Published scientific research clearly and unequivocally illustrates the key roles of grains – both enriched and whole – in healthy dietary patterns and their significant contributions to diet quality. To clarify and correct potential consumer confusion resulting from this contradictory language, the members of the Grain Chain look forward to partnering with the USDA and HHS to help educate the public on the value of both enriched and whole grains.
More information about grains can be found at GoGrains.org.
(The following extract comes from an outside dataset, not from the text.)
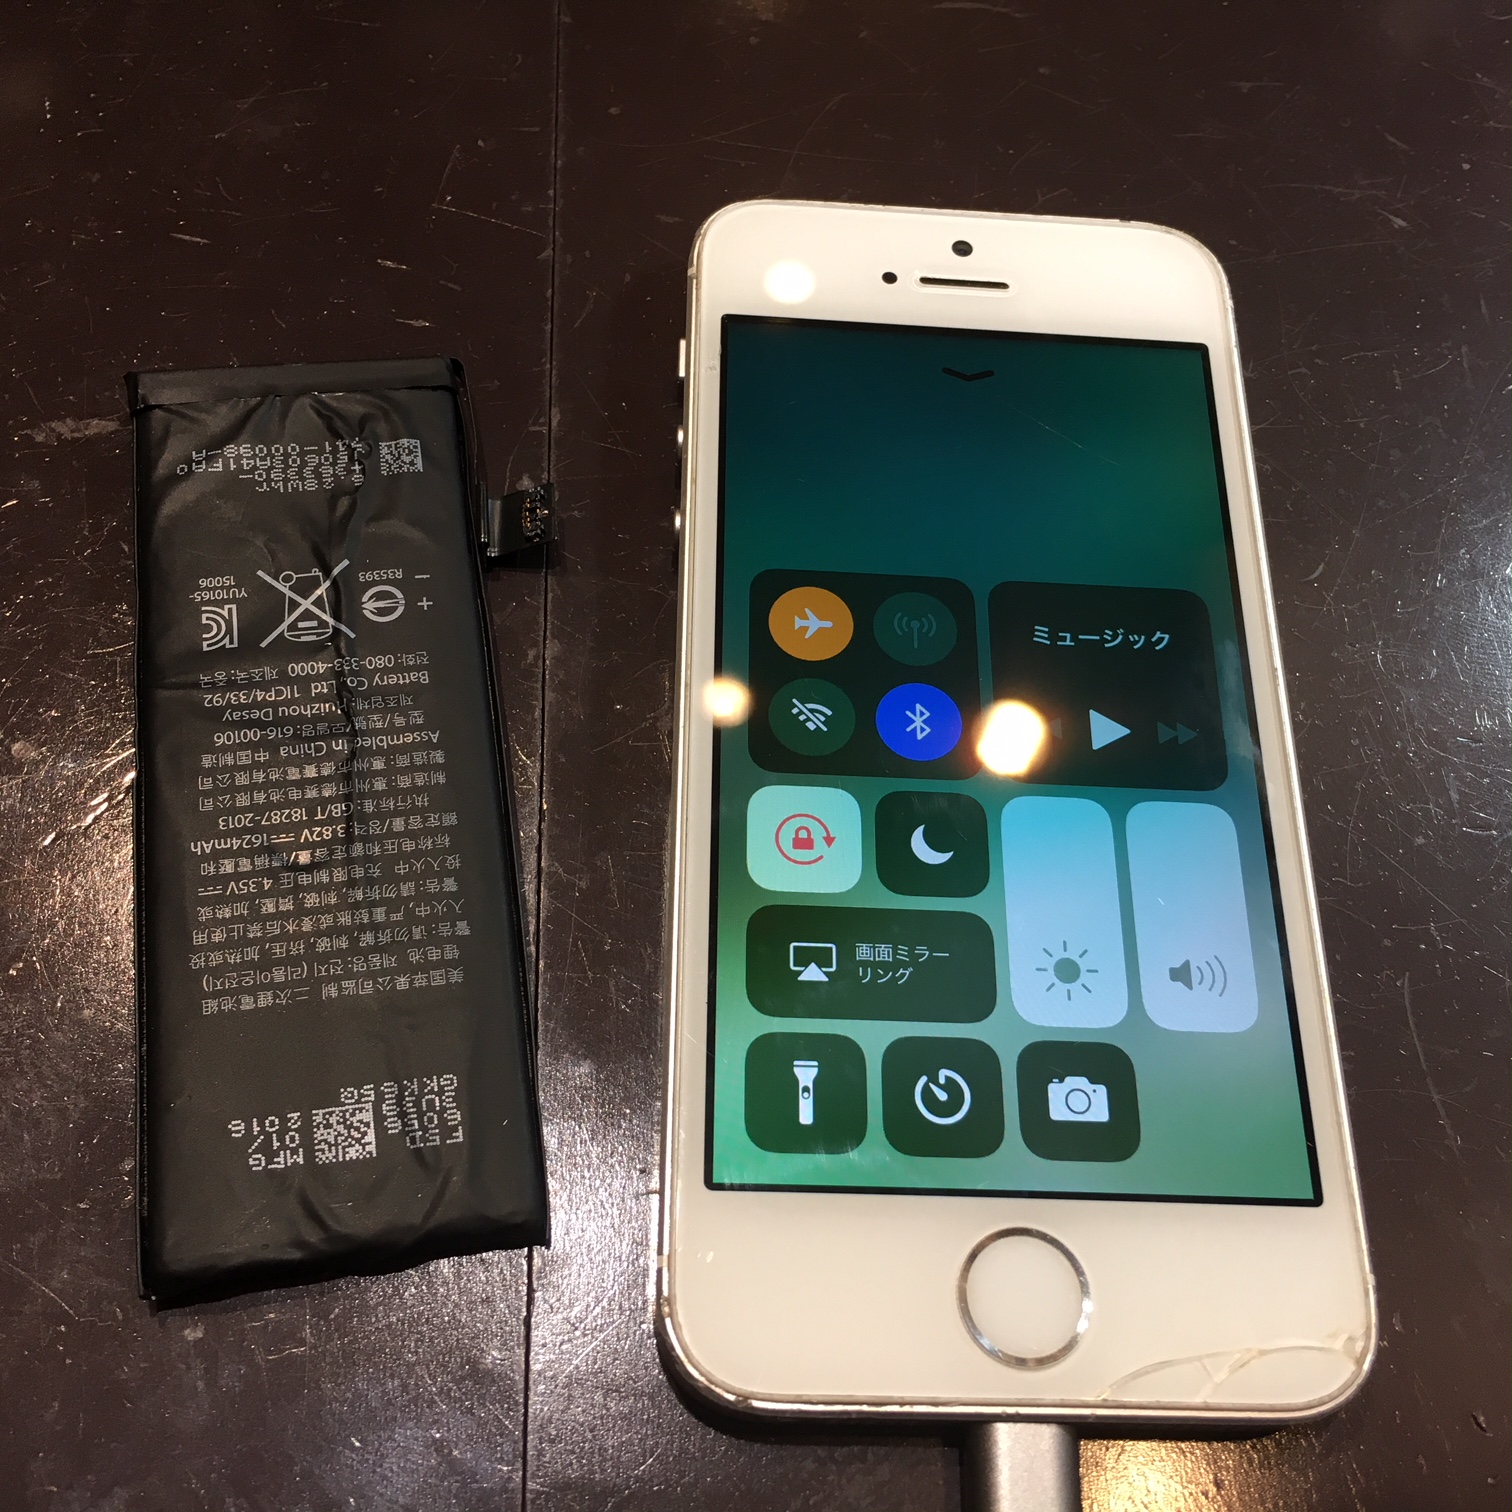 iPhone6のバッテリーが充電できなくなった？→きっとそれはバッテリーが古いから！交換したらスッキリ使えるようになりますよ。ぜひスマートクールへ！☎06-6421-1705

Others in the Grain Chain weighed in on the recommendations published in the 2020-2025 Dietary Guidelines:
“The American Bakers Association is very appreciative of the thorough work of the DGAC as well as USDA staff in the culmination of their efforts, published today,” said Lee Sanders, senior vice president of government relations and public affairs, ABA. “ABA has been pleased to lead and work with the Grain Chain throughout the 2020-2025 process, and we strongly agree on the goodness of six grain servings, half enriched grains and half whole grains, on Americans’ daily plates.
“The Guidelines are an essential map for consumers, policy-makers, and feeding program implementers to use as they feed themselves, their families, and the most vulnerable in our country,” said Christine Cochran, executive director, Grain Foods Foundation. “The unity of the Grain Chain’s message and the importance of its being heard have been affirmed in this DGA cycle today: the nutritional contribution of grains is essential in the diet at all stages of life.
As a member of the Grain Chain coalition the USA Rice Federation supports and appreciates the ongoing efforts to provide input and guidance on the development of the 2020-2025 Dietary Guidelines for Americans. “Research has repeatedly demonstrated the benefits of enriched and whole grain consumption and its correlation to a healthy eating pattern,” said USA Rice President & CEO Betsy Ward. “USA Rice stands with its Grain Chain partners in support of the comments submitted and the overall recommendation that the nutritional benefit of grain consumption is vital at all stages of life.
“Enriched and whole wheat and grain-based foods provide important nutritional benefits, are affordable and foundational foods in many cultures. Regular consumption of wheat and other grains delivers key nutrients including B vitamins, folate, iron and fiber,” said Tim O’Connor, president, of the Wheat Foods Council.
NAMA President Jane DeMarchi stated, “We are delighted that the nutritional value of both whole and enriched grains in the diet, which is supported by vast scientific research, is acknowledged by the updated Dietary Guidelines. Grain foods are staples that create the foundation for a healthy and balanced diet. They are affordable, versatile, convenient, and easy to store. The significance of these qualities cannot be overstated in normal times, much less during a global pandemic where families are stressed, and food dollars are stretched.
Pasta is an essential staple on the American table and plays an important role in supporting healthy dietary patterns, especially in the Mediterranean Diet, which has been shown to have a number of positive benefits,” said Delia Murphy, executive director of the National Pasta Association. “Through our participation in the Grain Chain, NPA is proud to reinforce and acknowledge the importance of both enriched and whole grains in the Dietary Guidelines and their contribution to diet quality and key positive nutrients.”